You have two tasks. You must design a 3-switch lamp and a 4-switch lamp. It is recommended that you try the 3-switch lamp first. Your design will include a lightbulb, wires, switches and power sources. The design must follow these rules:
1. You may only use 1 lightbulb for each lamp. The 3-switch lamp can only have one power source, and the 4-switch lamp must have exactly two. You may use any number of wires.
2. Every flip of a switch, no matter the previous positions, must turn the lamp from on to off or off to on.
3. Each wire may connect to any number of switches, power sources, and other wires, and to the lightbulb.
4. Each switch has two separate positions to which wires can connect. If the switch is up, then all the wires connected to position 1 are considered connected to each other. If the switch is down, all the wires connected to position 2 are considered connected to each other.
5. The lightbulb turns on if and only if there exists a complete circuit that includes both the lightbulb and at least one power source.
6. A circuit is a sequence of wires, power sources, and the lightbulb where each is connected to the next item in the sequence (the last is connected to the first). No such sequence may list the same wire, power source, or the lightbulb twice.
I recommend that you denote the different wires with letters like A, B, C, etc.
(In reply to
re(2): Question by Avin)
As it is written, the puzzle ignores the possibility of short
circuiting. Looking back at my solution, it is destroyed by short
circuiting. I apologize for not being very faithful to reality,
but to solve this puzzle, I'm afraid you're going to have to accept the
contrived rules I wrote. That's what happens when I try to make
an elegant and difficult puzzle from a complicated set of rules.

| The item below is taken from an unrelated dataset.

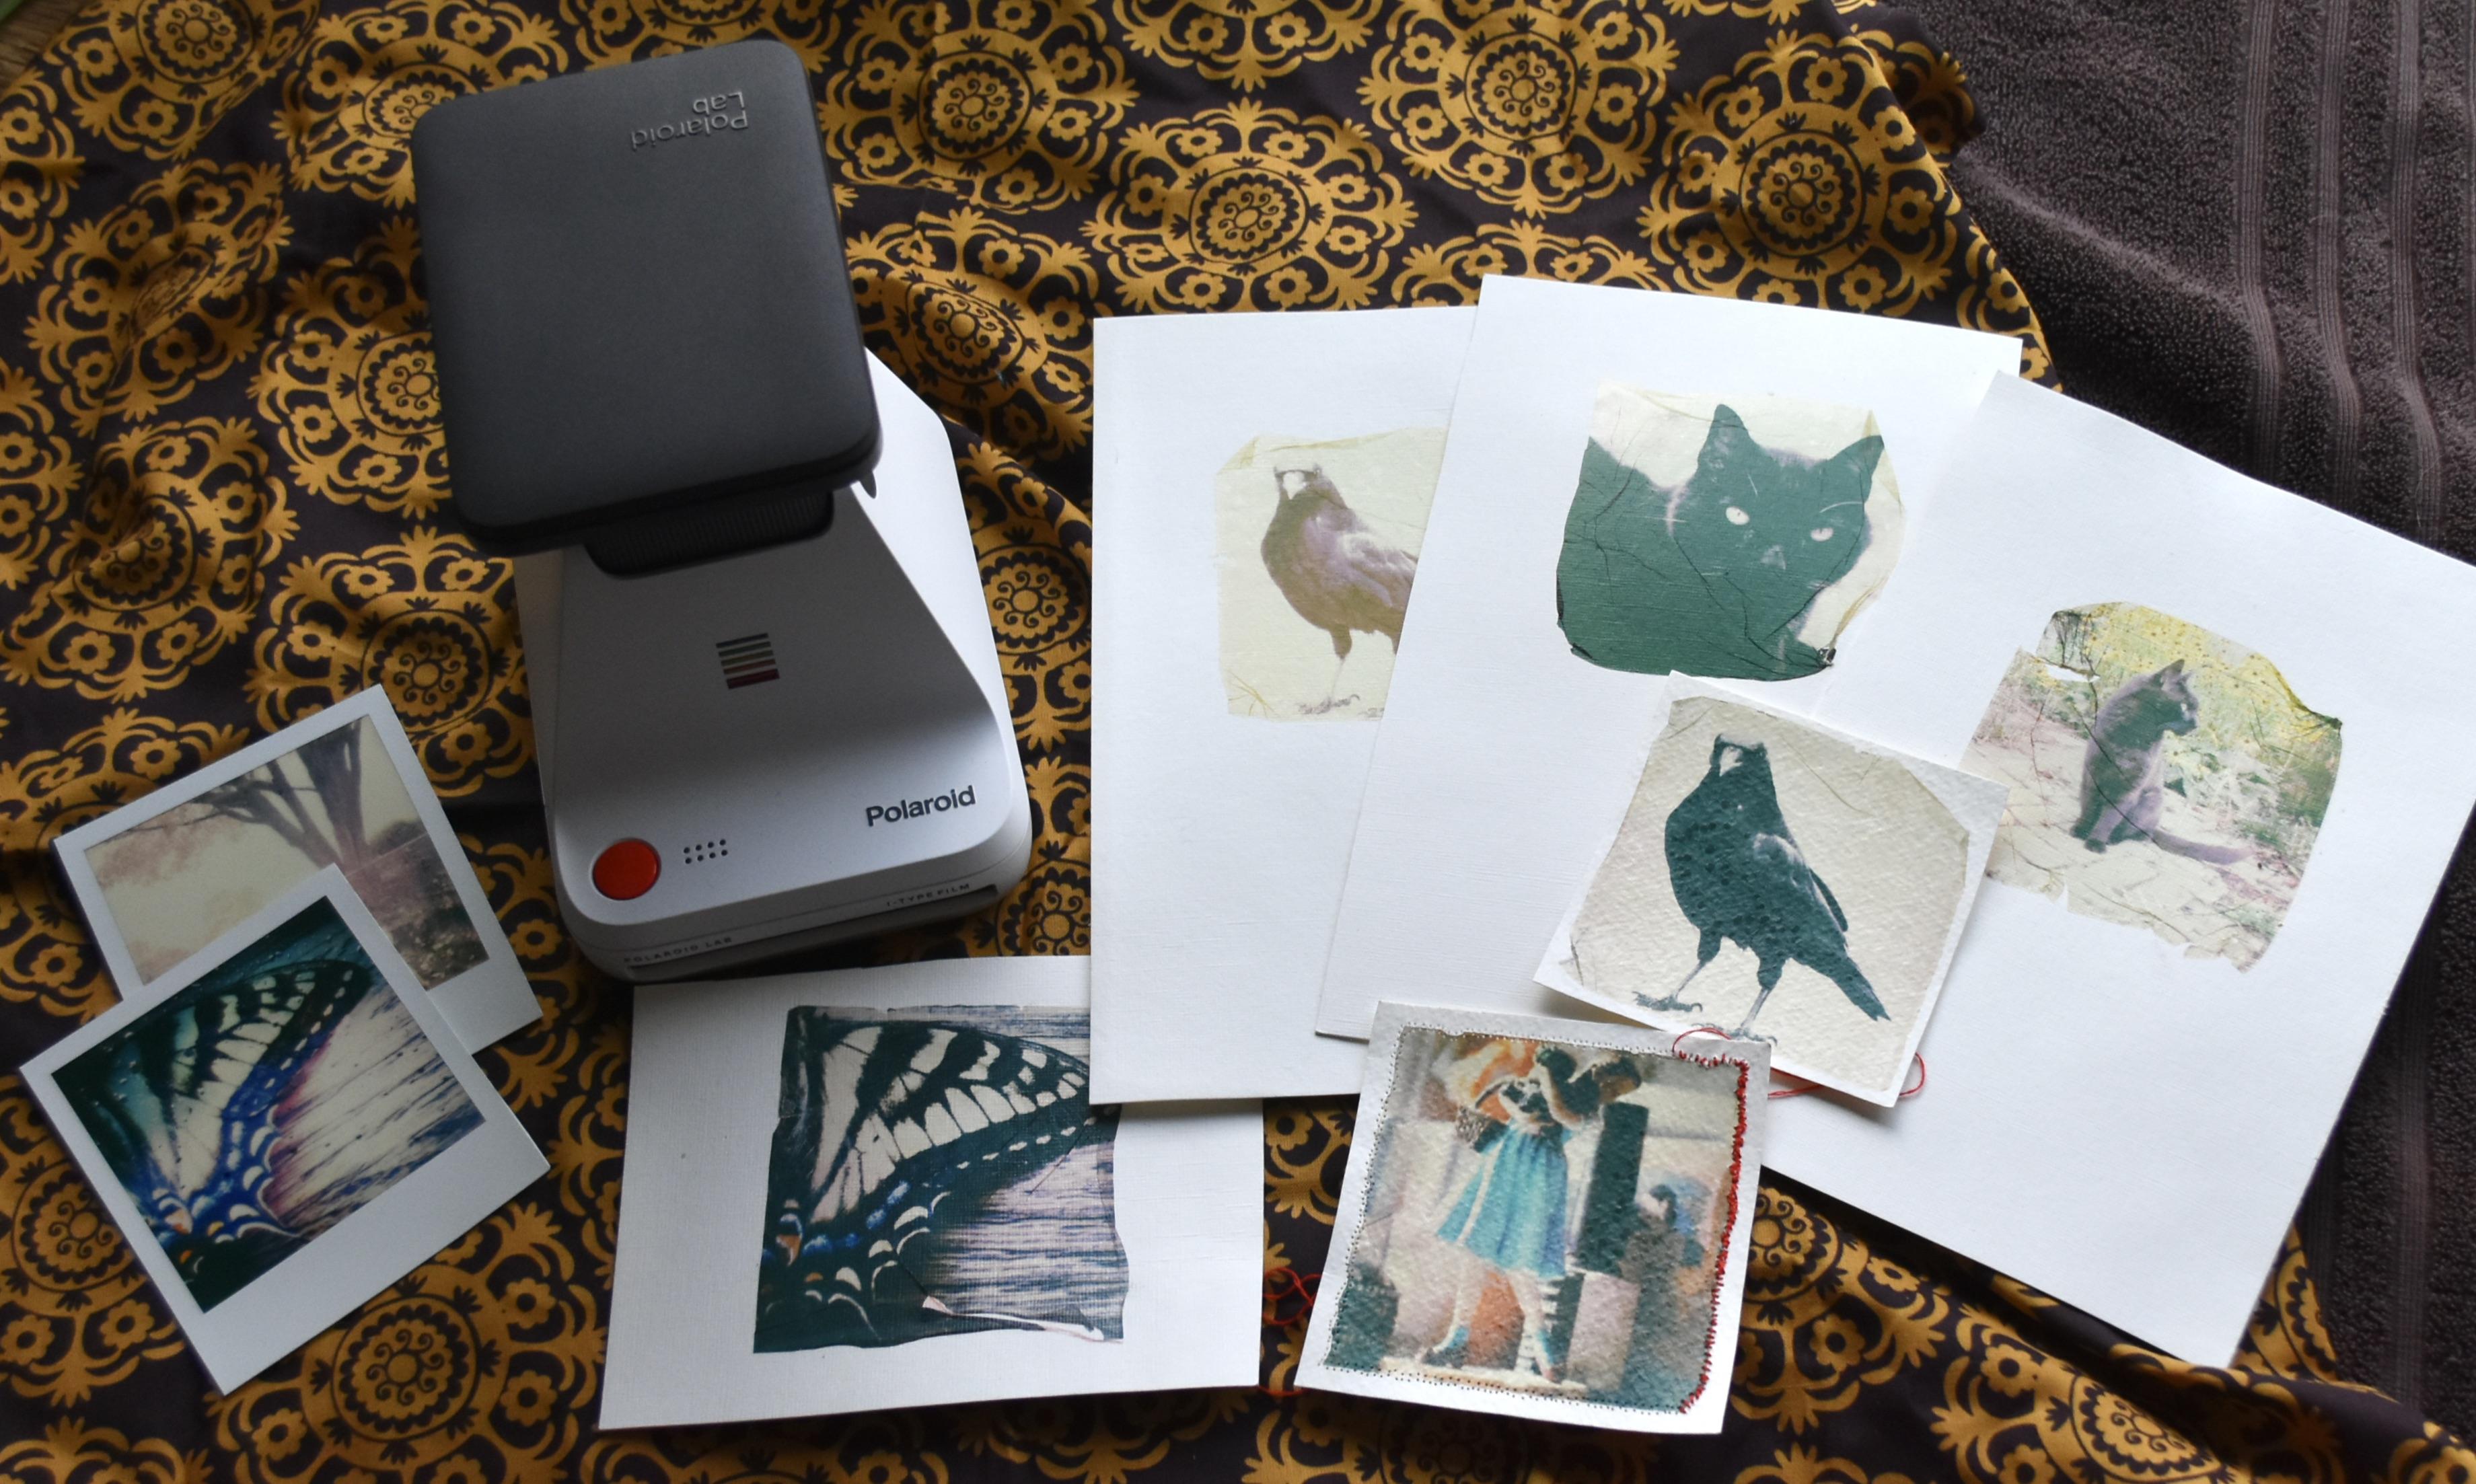 Experimenting: Polaroid Photolab and Polaroid Transfers

Most sets of rules I tried were either impossible or trivial, and if I
changed the rules again, it might not work out right.

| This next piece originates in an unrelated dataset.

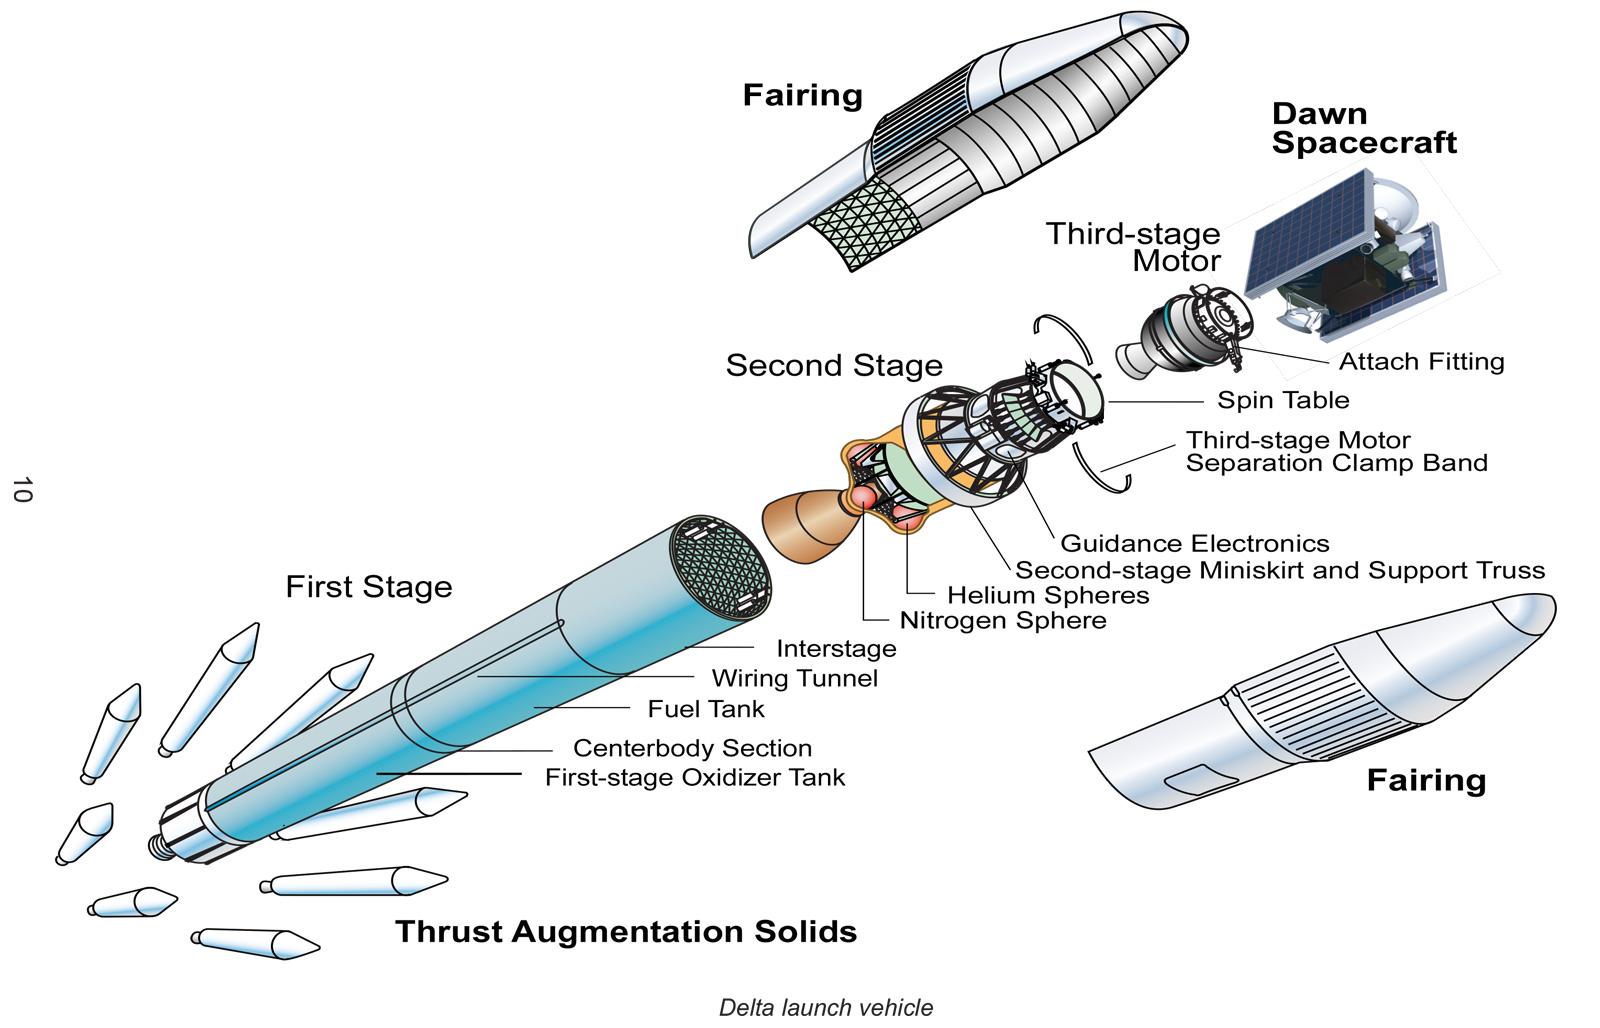 Dawn Launch Vehicle Diagram Solar System Exploration Nasa Science Wiring Basics

It has come to my attention that some people might think that both the
power source and light bulbs are connected to the "ground" or something
like that. This is not the case. For a circuit to exist
under these rules, there must be two disjoint routes from lightbulb to
battery.
Now, for a summary of how the rules differ from reality:
Batteries have no negative/positive ends to restrict flow of electricity to either direction.

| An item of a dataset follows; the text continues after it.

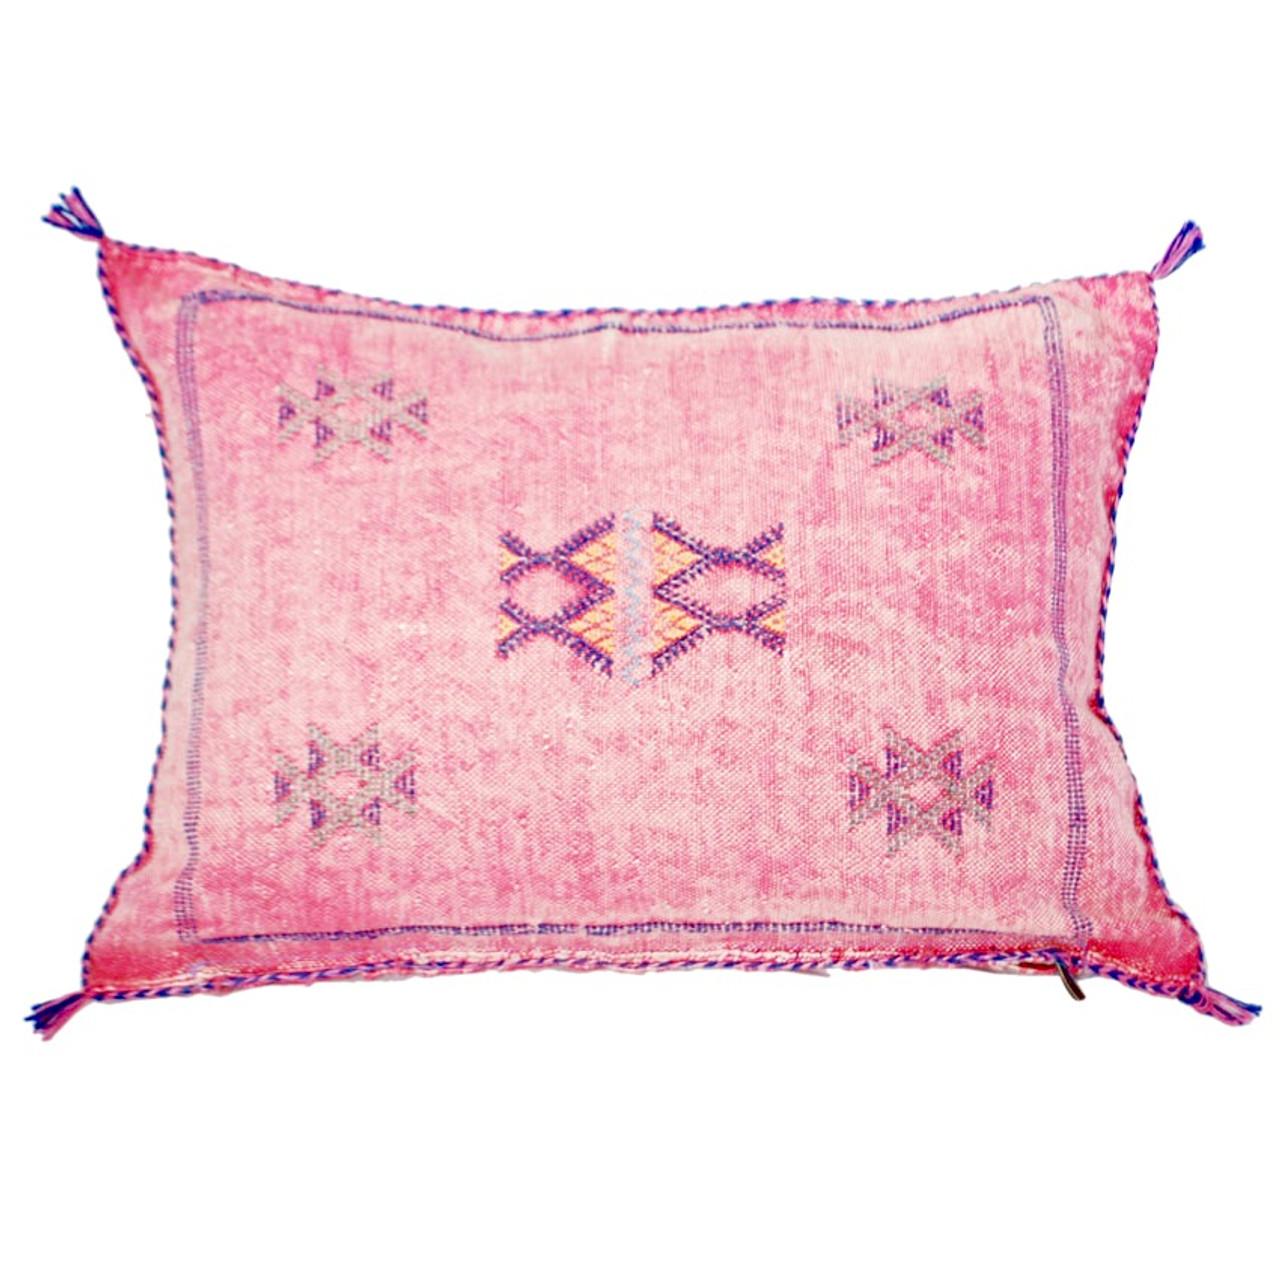 Moroccan Sabra Throw Pillows Dusty Pink Pillow Sheherazade Home

No short circuiting is possible; if any circuit exists, the light turns on regardless of other circuits excluding the lightbulb.
A circuit may go through (list) a switch junction more than once.
The light bulb and power sources do not necessarily connect to the ground.
Some of the above differences are important, some are not.
Now, honestly, I don't take physics electricity and magnetism class
until next year. Perhaps I should have written the puzzle with a
different theme, so my rules wouldn't conflict with preexisting
knowledge of how electricity actually works.